Three particular advantages apply: “First is the lowered voltage level. The application at Austell shows that energy storage systems make it possible to power cranes using low voltage and a power level of only 100kW.

“Peak shaving, the minimisation or even avoidance of power peaks, has been described above. For larger RMGs the advantages can be even greater. Their grid supplier frequently adds peak demand charges – higher payments for peak power. An energy storage system that reduces power peaks leads to a significant savings here. For example, the short-term power peaks of large RMGs, which are higher than 900kW, can be lowered by 50%.

“Thirdly, the on-board battery means that typically up to 30% of the energy can be stored and reused. Especially in times of rising energy costs, this is an important aspect.”


At the end of 2023 Konecranes delivered two gantry cranes, as well as seven forklift trucks, to a new cellulose terminal in Port of Santos in Brazil. It completed an order that also involved joint planning and consulting on the layout of the terminal.

The terminal in Port of Santos, Latin America’s largest port, is designed to process close to 8,300t of pulp bales daily, delivered by rail and truck, for export to 45 countries. Port owner Eldorado Brasil approached Konecranes for support in planning the layout of the terminal and to provide the specialised equipment to keep it running.
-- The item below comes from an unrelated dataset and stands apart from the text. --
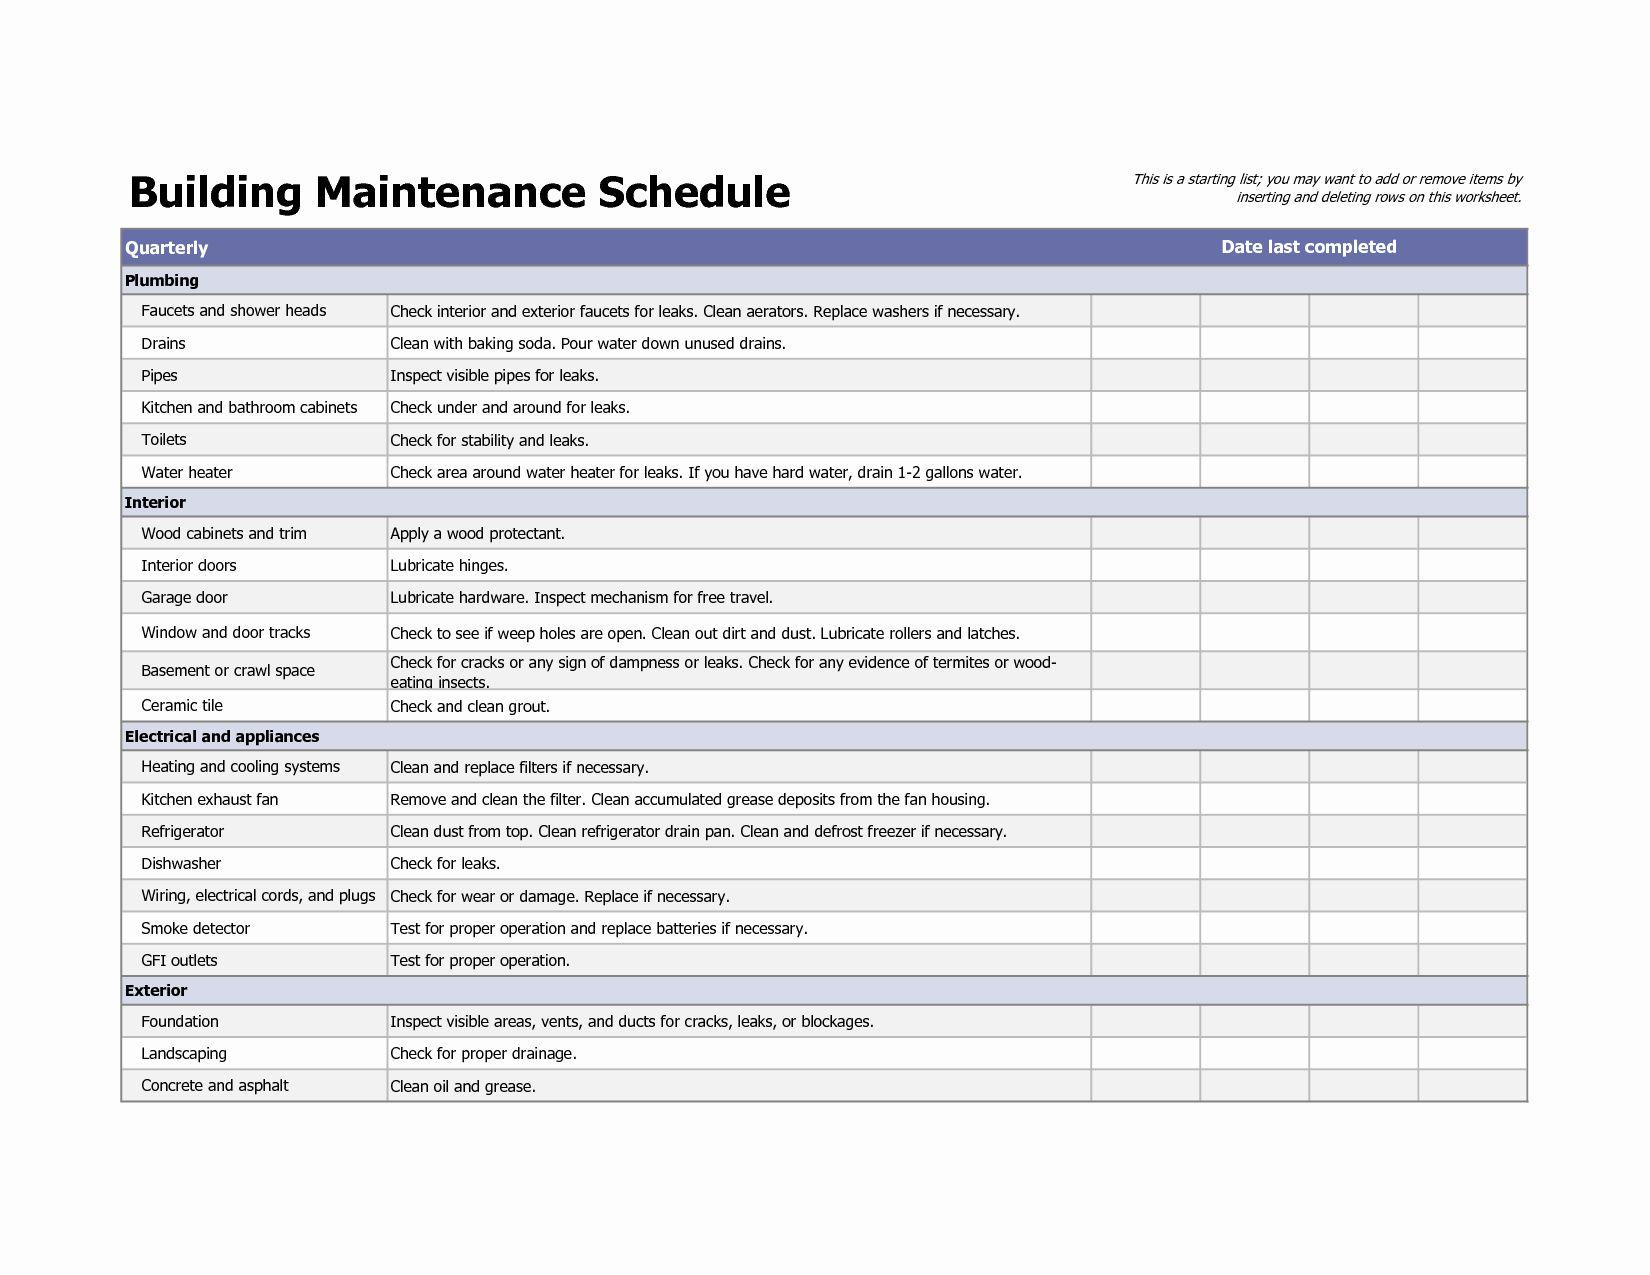 Building Maintenance Schedule Template Fresh Building Maintenance Schedule Excel Template Building Maintenance Preventive Maintenance Maintenance Checklist

“Eldorado came to us after using a Konecranes indoor overhead crane at another pulp mill for over a decade,” says Leandro Belotto Bosco, senior account executive, Industrial Cranes, Konecranes.

The two Konecranes gantry cranes are tailor-made with a customised open winch, a spreader clamp for pulp bales and the option to attach a container spreader when needed. A variety of smart features give smooth and accurate movement, and braking energy is recycled. Radio controls and a remote operating station (ROS) allow full crane control with maximum operator safety. Konecranes is also providing Eldorado Brasil with TruConnect remote monitoring, which collects near real-time diagnostics to optimise the performance, maintenance and eco-efficiency of all the equipment, both cranes and forklifts. This data is available 24/7 through the online customer portal YourKonecranes.

“The new cellulose terminal is a state-of-the-art digital ecosystem that brings the highest levels of efficiency and safety to lifting in the pulp and paper industry,” says Andrés Ramirez, regional sales manager, Lift Trucks, Konecranes.